→ PROBLEM REQUIREMENTS: Hand back every line from the beginning of the data below through the line containing "Animation of the DevTools tooltips in Edge.", word for word and free of pictures.
━━━ INFORMATION PROVIDED ━━━
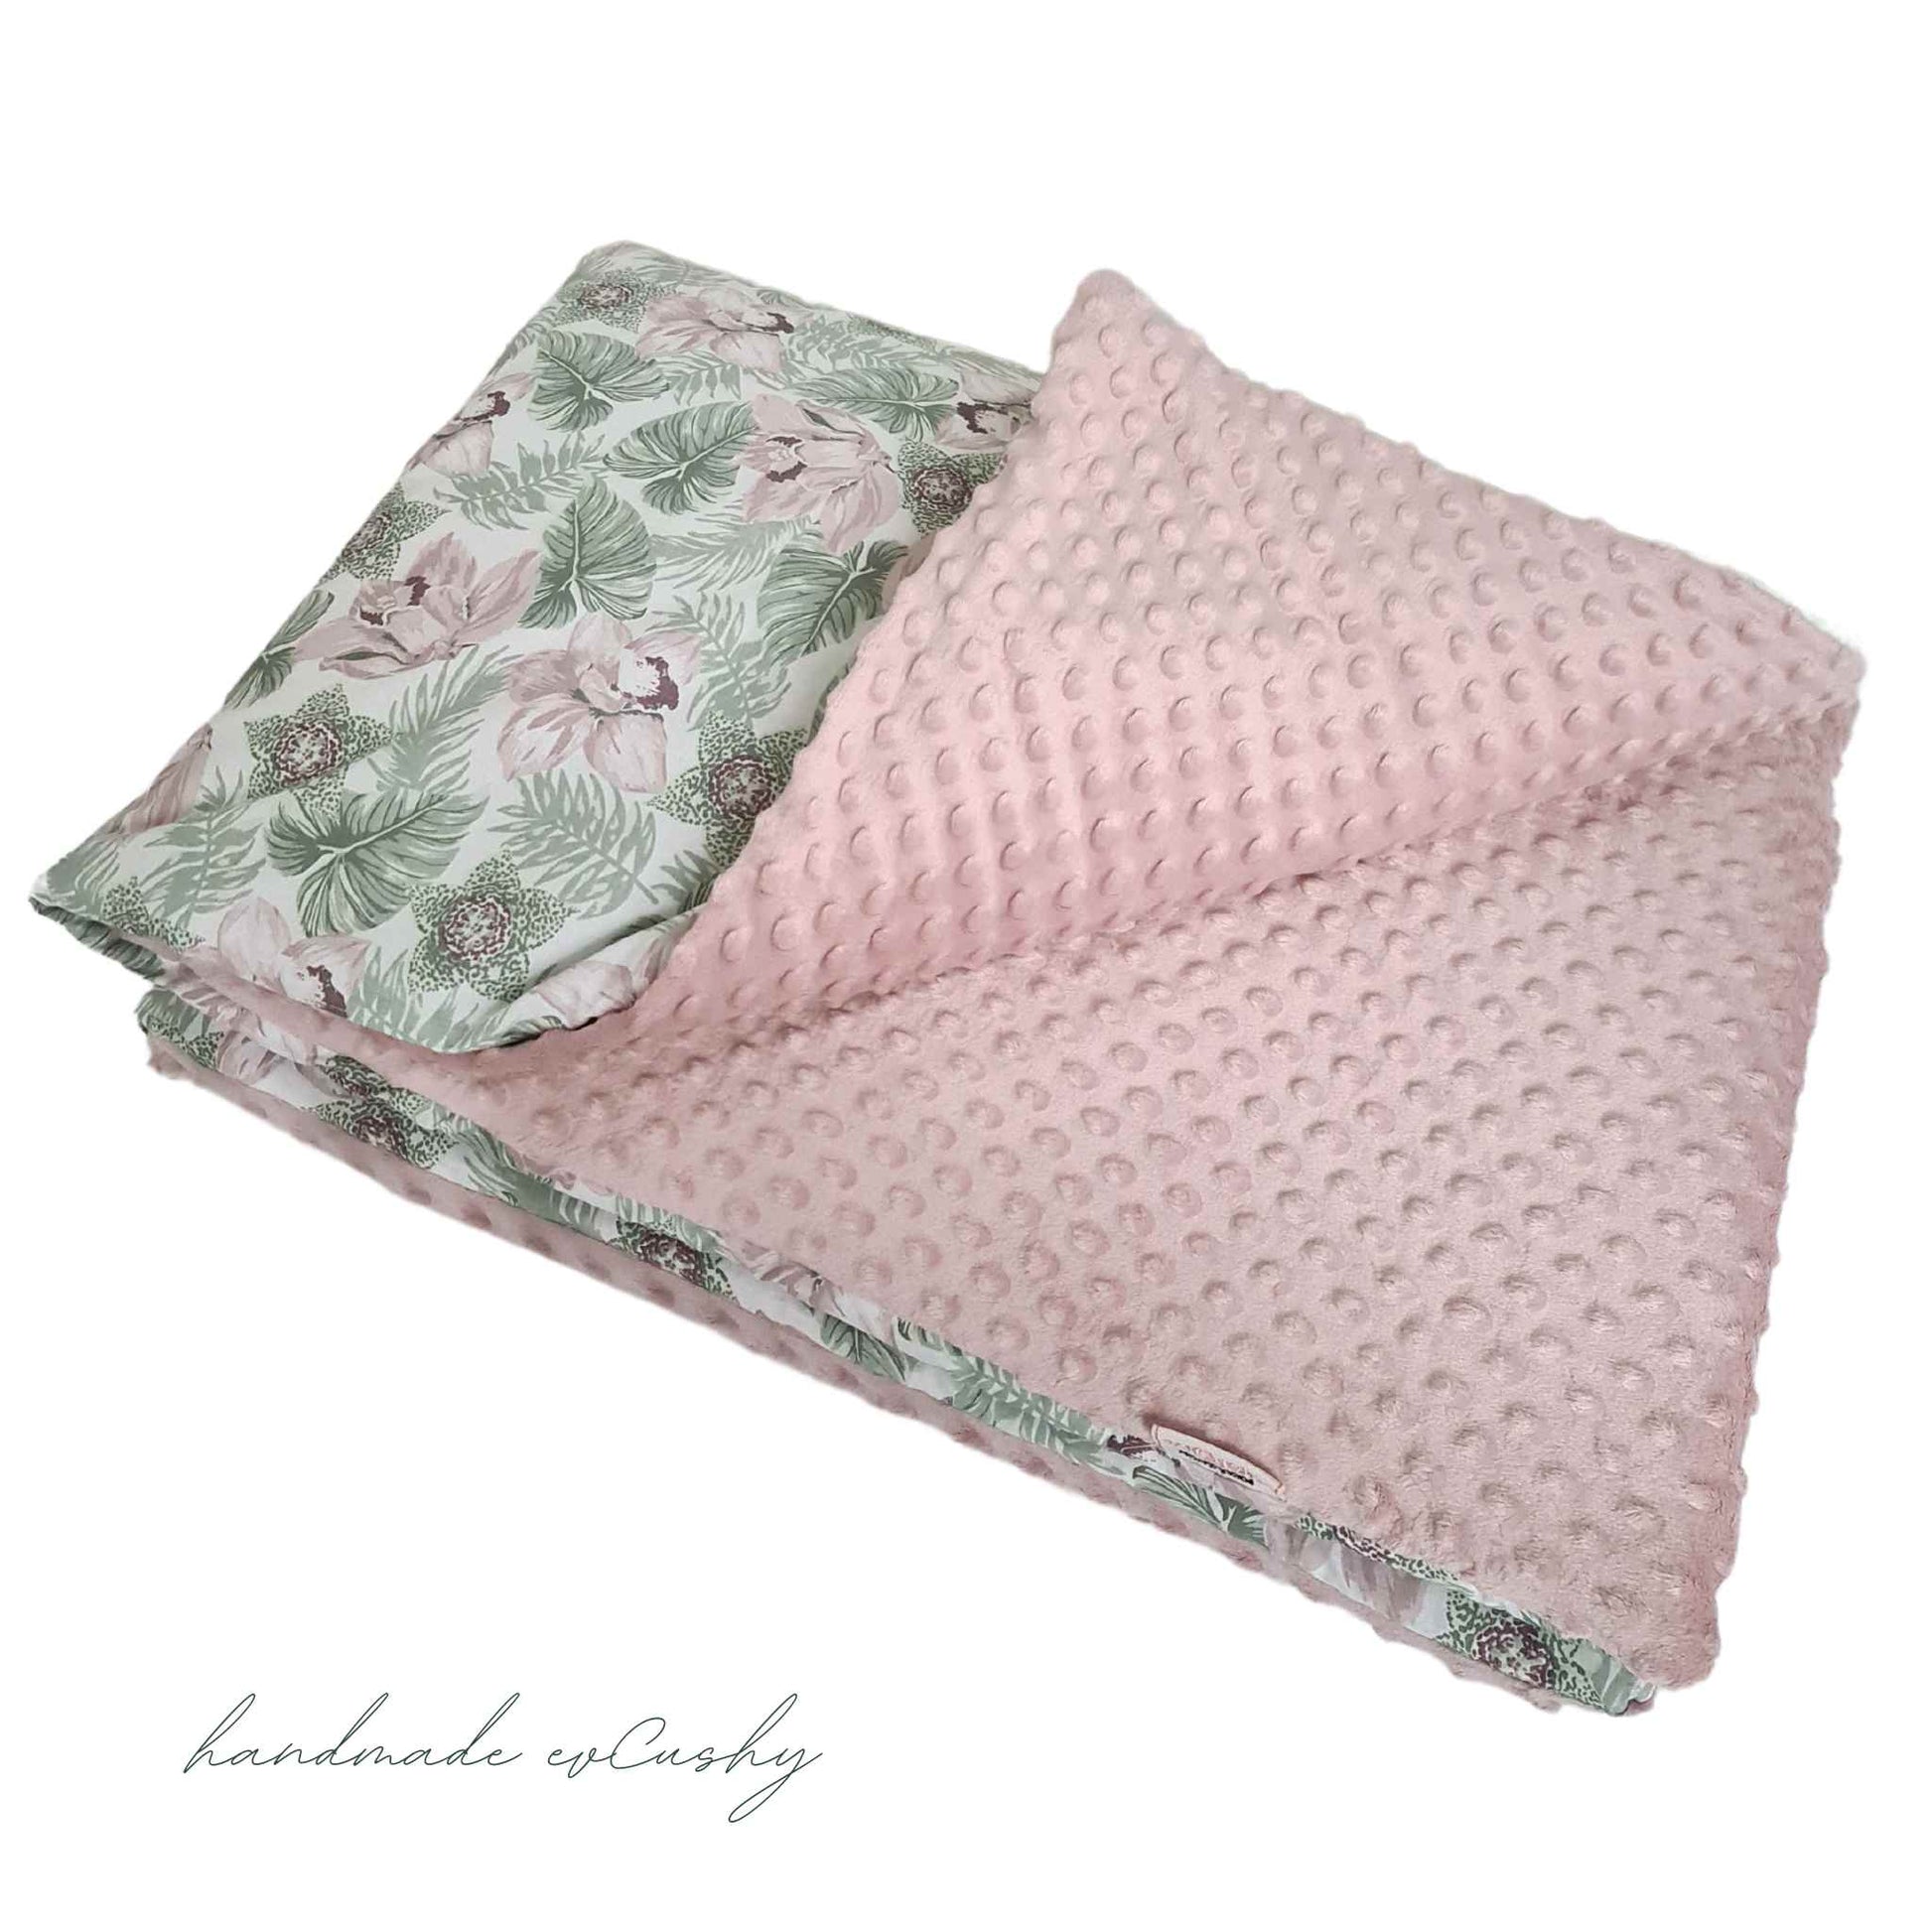 warm blanket for baby girl bed dimple fleece pink and floral cotton sage green
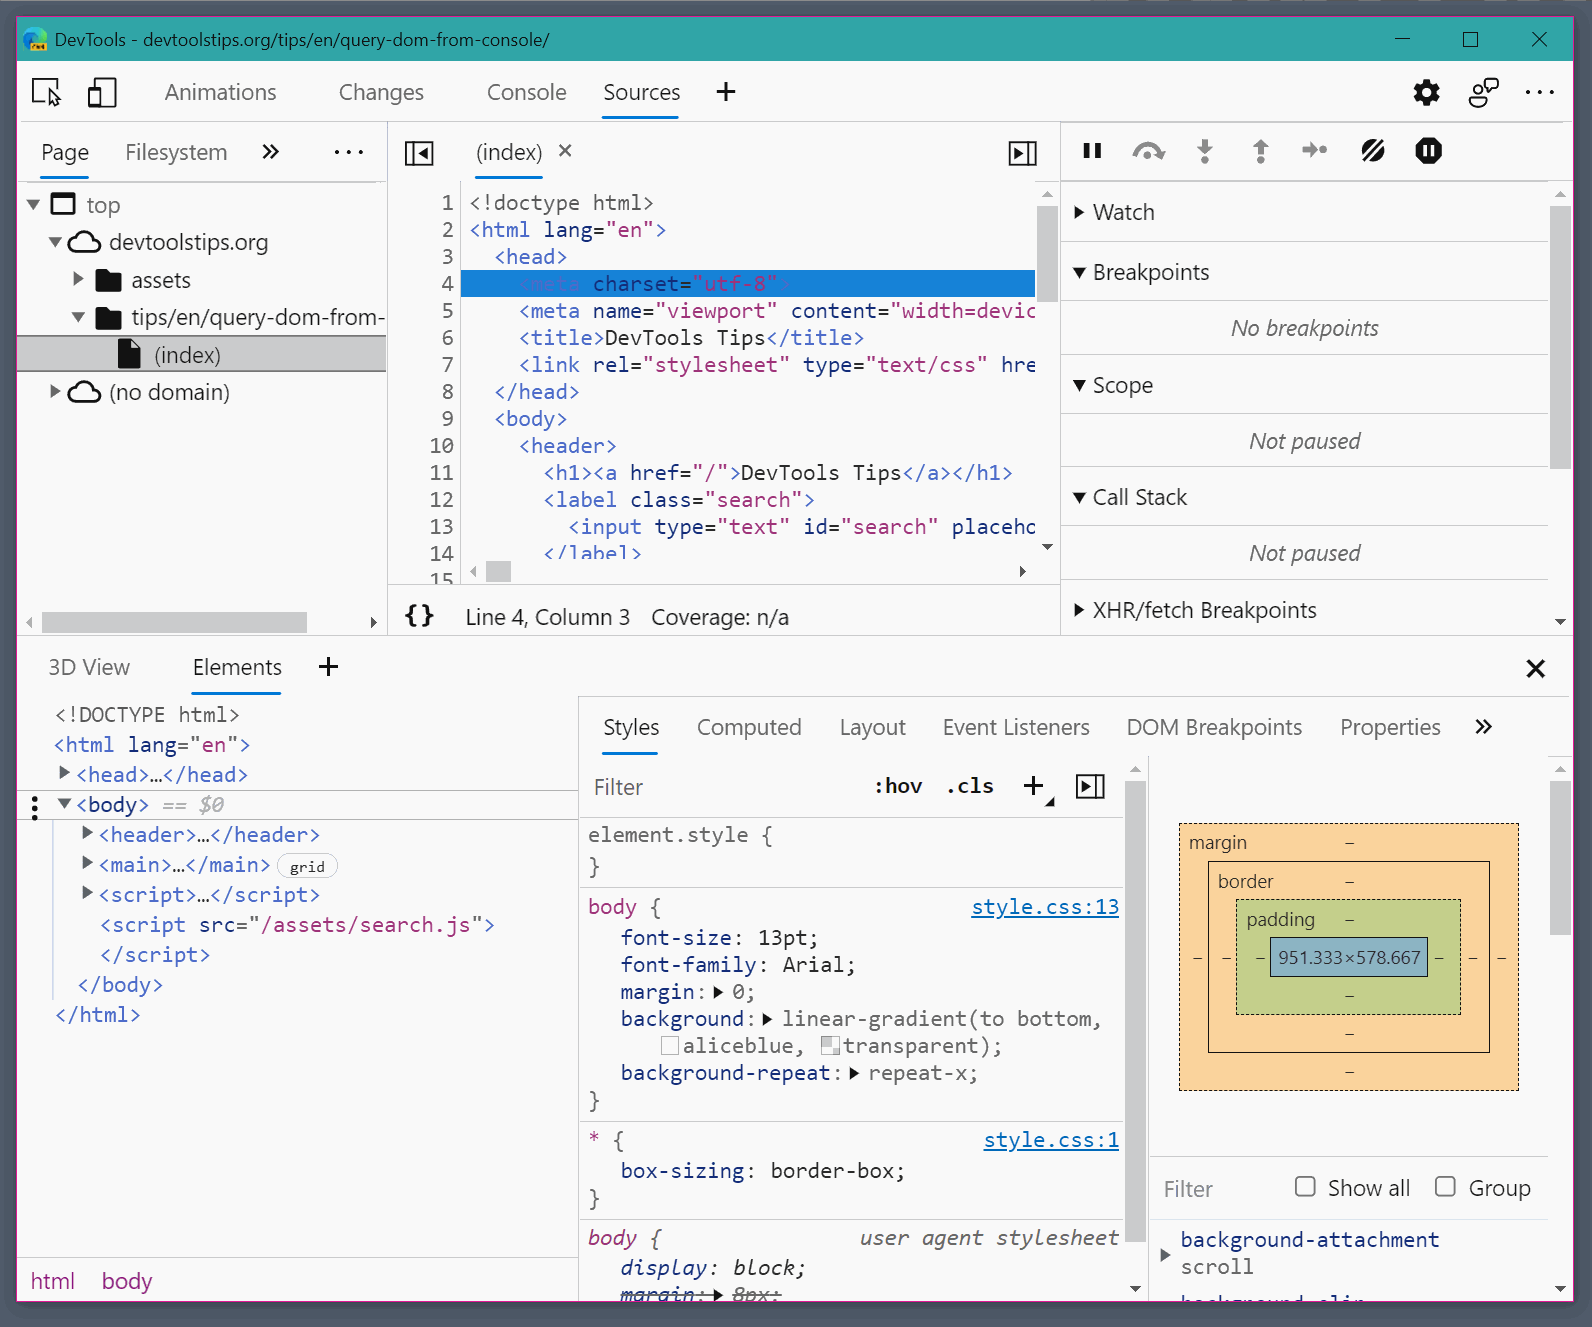 Animation of the DevTools tooltips in Edge.
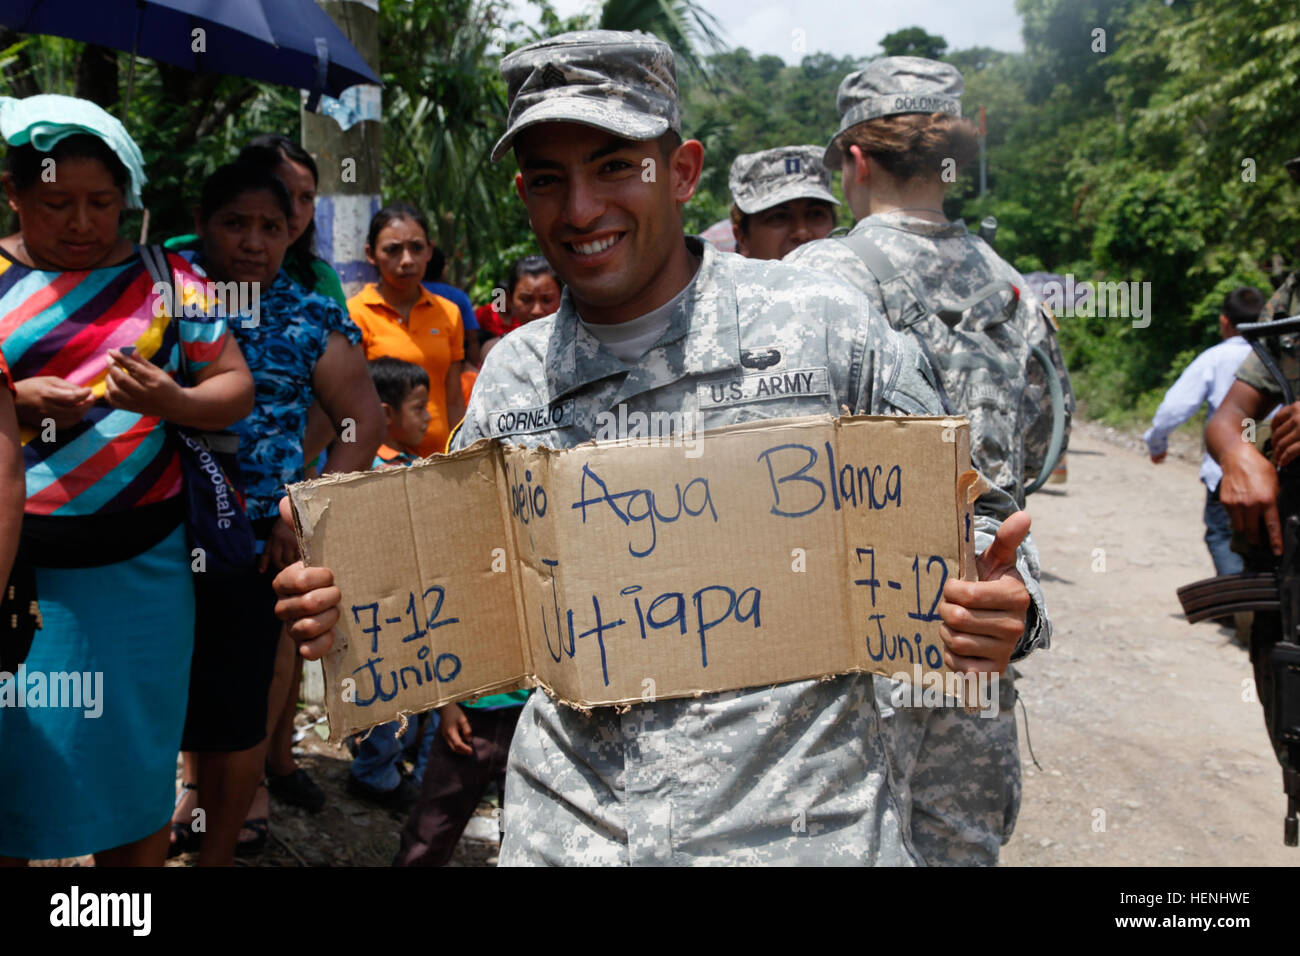 U.S. Army Sgt. Julian Cornejo with 349th Combat Support Hospital informs Guatemalan citizens of an upcoming Medical Readiness Training Exercise during Beyond the Horizon, at Rio Grande, Guatemala, on June 3, 2014. Beyond the Horizon is an annual exercise that embraces the partnership between the United States and Guatemala, to provide focused humanitarian assistance through various medical, dental, and civic action programs. (U.S. Army photo by Pfc. Josue Mayorga/released) Beyond The Horizon 2014, Guatemala 140603-A-GK700-086 Stock Photo
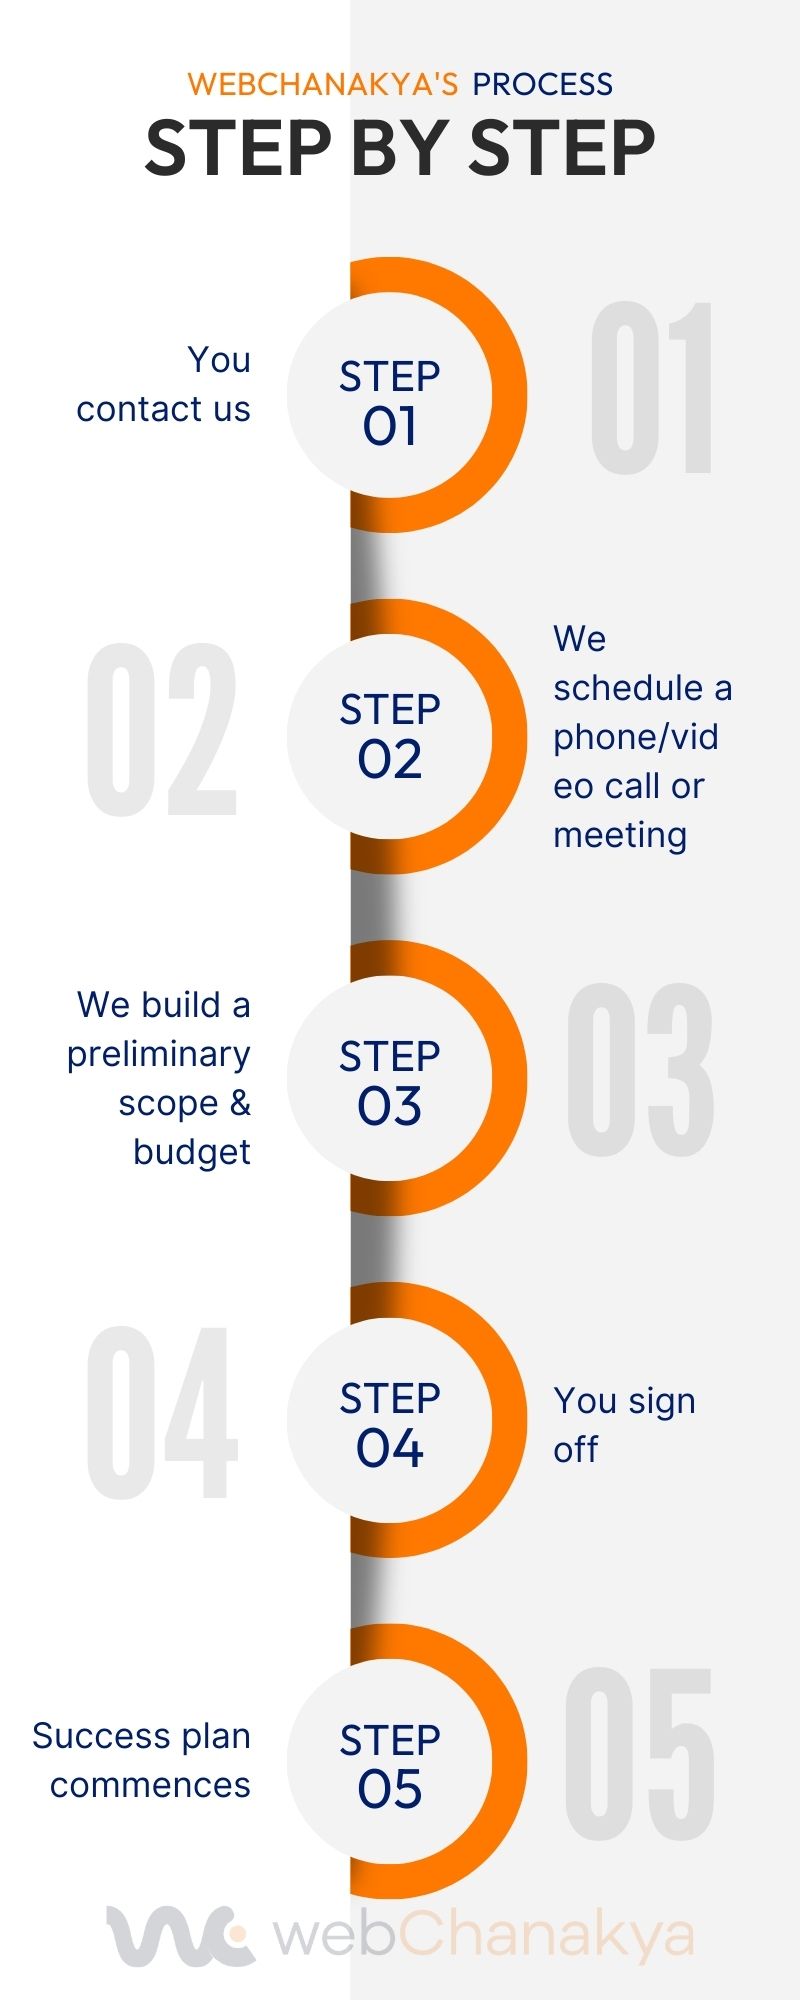 Infographic showing WebChanakya Digital Marketing Agency's process for catering leads and inquiries
━━━
→ ANSWER BOX:
 warm blanket for baby girl bed dimple fleece pink and floral cotton sage green
 Animation of the DevTools tooltips in Edge.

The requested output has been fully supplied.